Architecting an Open-Source Research Exchange Database (RexDB): How to Design a System That Supports Integrated Data Management for Multidisciplinary Autism Research

Background: The need for effective, centralized management of biomedical and behavioral research data has expanded dramatically in the past decade, especially in interdisciplinary areas like autism research, where longitudinal and multi-center projects require secure, flexible data management and sharing platforms. However, current solutions are either too expensive or insufficiently flexible. Our team has developed an integrated data management platform that has been used at over a dozen leading autism research centers over the last 7 years. In late 2011, we began to package this platform as an open-source project to make it freely available to all autism research centers and programs. Defining a suitable high-level architecture for this platform was a key early challenge.

Objectives: Design a high-level architecture for the open-source RexDB platform that will: (1) communicate key functionality to stakeholders; (2) define clear boundaries and interfaces between components; (3) support all the key functions of integrated data management including data acquisition, integration, curation, and use; (4) support configuration of studies and instruments by non-programmers; (5) support extensibility by third-party developers; and (6) encourage adoption of the open-source platform by the research/data manager/developer communities.

Methods: We reviewed publicly available architectures for several relevant projects and extracted key insights. We then created several mock architecture diagrams and reviewed each for technical feasibility, communication effectiveness, and compliance with the architectural objectives. After an internal review, we conducted a focus group to gather input from relevant stakeholders.

Results: Internal and external feedback suggested revisions to the architecture that were implemented as a consensus solution. The resulting architecture separated out the data acquisition component as a stand-alone system, RexAcquire.

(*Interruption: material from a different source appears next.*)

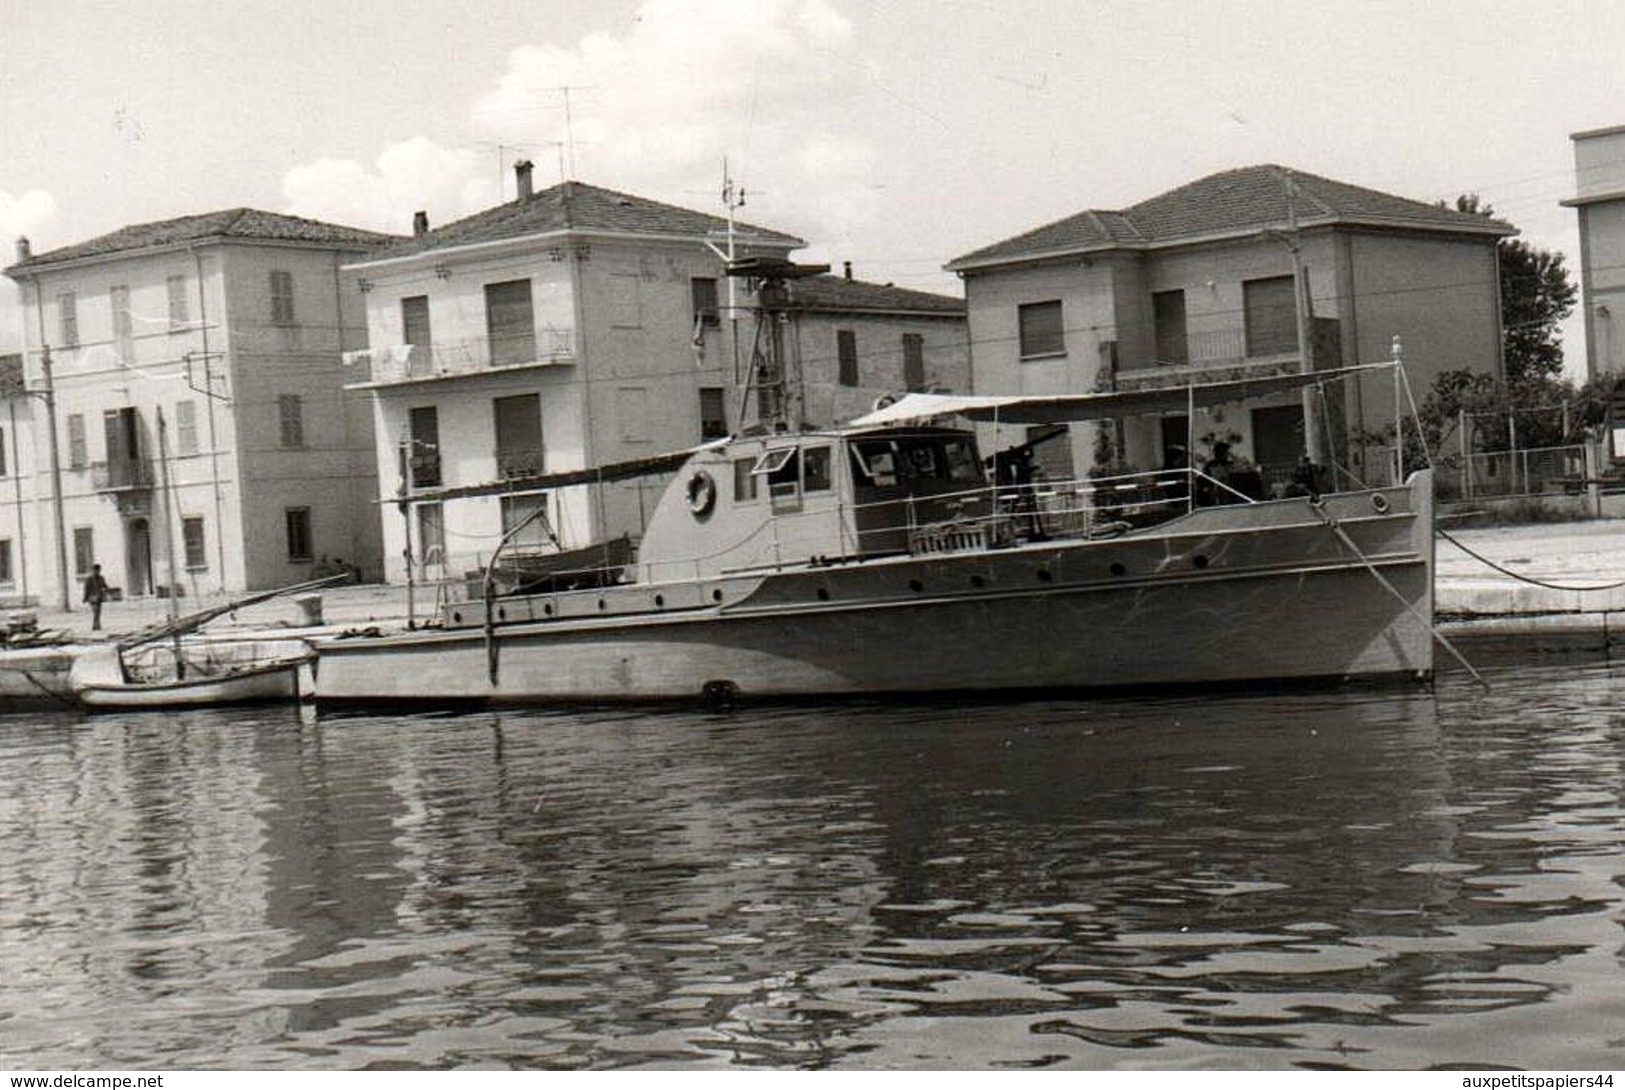 2 Photos Originales Petit Bâtiment Militaire Frégate à Identifier à Quai Vers 1960/70 - Bateau Fluvial - Boats

This system has minimal dependencies, does not require a database, and can be scaled quickly across many servers to support very large simultaneous data collection efforts. RexAcquire consumes configuration files that specify the instruments to be administered and their display logic; it emits raw measure results files. The largest component, RexCollect, encompasses the major data integration and curation functions, including instrument and study configuration, data transform rules, data quality checks, and user management. It consumes the raw measure data files emitted by RexAcquire and transforms them into appropriate relational data structures; it emits instrument configuration files that RexAcquire consumes. RexCollect also allows users to select large subsets of data across studies, data types, and sites, and generate new temporary relational databases for exploring the extracted subsets. Another relatively stand-alone component, RexPlore, supports the exploration of the extracted subsets and generation of tabular data sets for statistical analysis.

Conclusions: A platform architecture must attempt to balance many competing forces. Functionality, technical feasibility, and communication effectiveness rarely pull a design in the same direction. We developed and applied a process that attempts to balance these competing demands in an open-source project by involving various stakeholders early in the design process. The result is an architecture that we believe is a better compromise, and that will contribute to the success of RexDB as a common integrated data management platform for autism research.